/a>

Tumpak Nainggolan: Peraturan Perundangan Yang Tidak Jelas Akan Timbulkan Multi Tafsir

  • Bagikan

Asahan, //Klewangnews.com- Amar perkara yang diputus oleh Hakim MK yang diketuai Anwar Usman dalam register Nomor 90/PUU-XXI/2023 adalah bahwa persyaratan Capres dan Cawapres ialah berusia paling rendah 40 tahun atau pernah dan sedang menduduki jabatan yang dipilih melalui pemilihan umum termasuk Pemilihan Kepala Daerah.

Artinya bahwa dictum putusan MK tersebut ada penambahan suatu frasa atau pernah/sedang menduduki jabatan yang dipilih melalui pemilihan umum termasuk pemilihan kepala daerah. Hal mana sebelum diuji Pasal 169 huruf q UU Nomor 7 tahun 2017 bahwa syarat usia capres dan cawapres paling rendah 40 tahun.

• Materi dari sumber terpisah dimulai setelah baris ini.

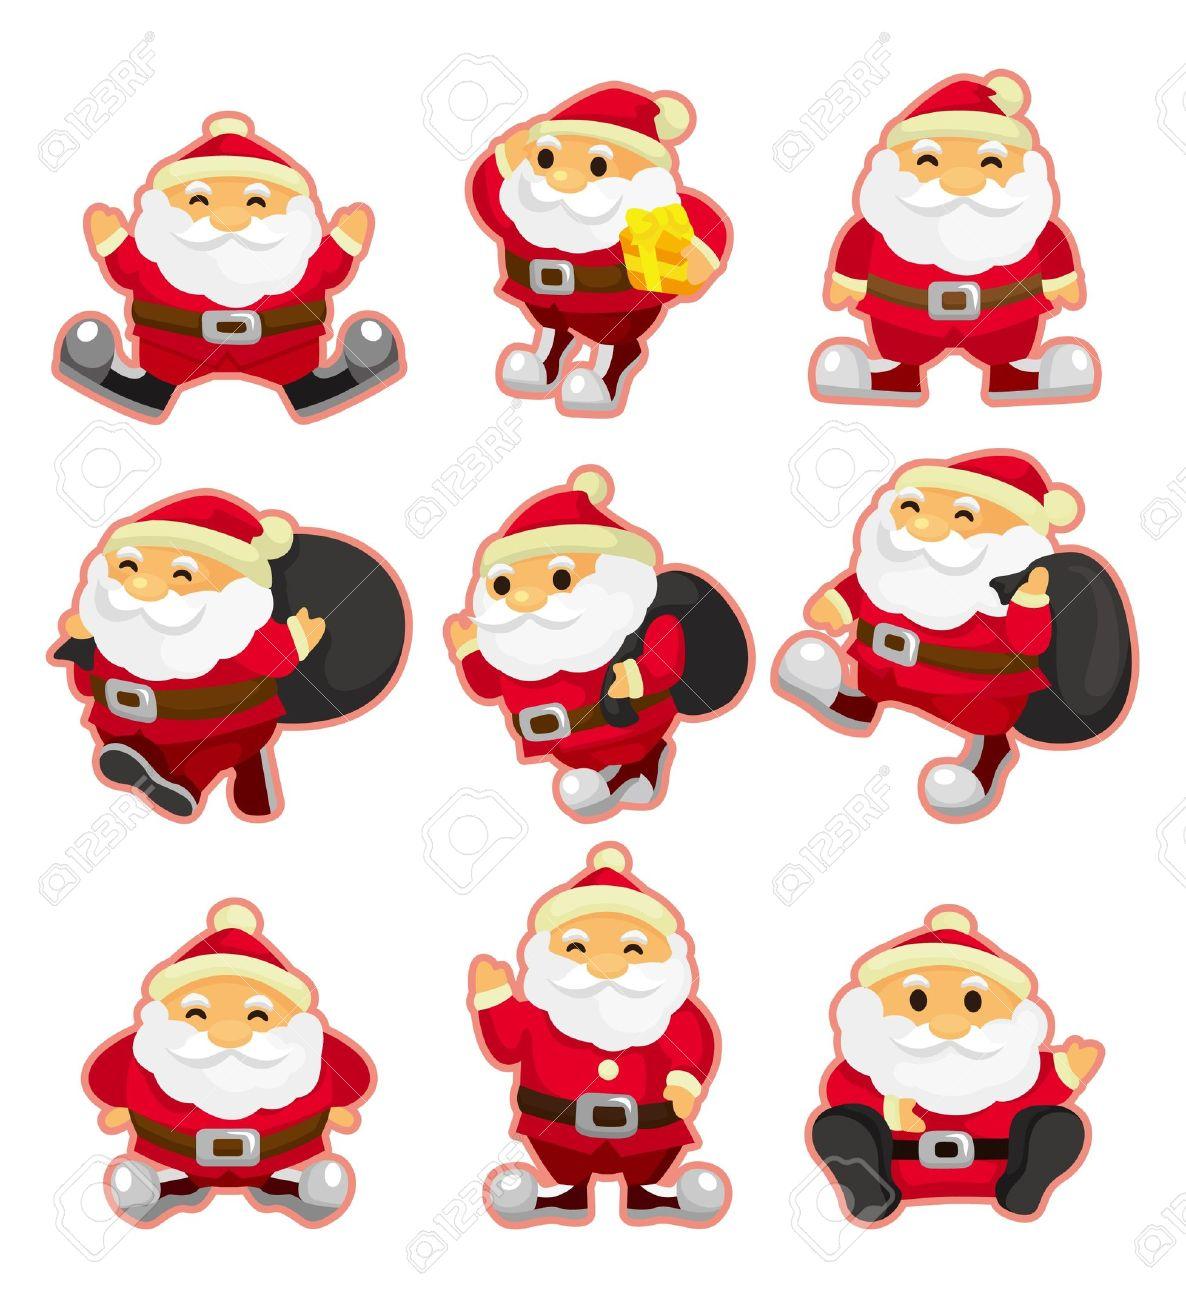 cartoon santa claus Christmas  icon set Stock Vector - 9829663

Hal tersebut bagian dari perintah Pasal 6 ayat (2) UUD’45 mengatur bahwa syarat syarat untuk menjadi Presiden dan Wakil Presiden diatur lebih lanjut dengan undang undang, demikian papar Tumpak Nainggolan, SH, salah satu komunitas pelapor terhadap pelanggaran Anwar Usman saat dikonfirmasi media melalui WhatsApp, Minggu (12/11/2022/3) di Kisaran.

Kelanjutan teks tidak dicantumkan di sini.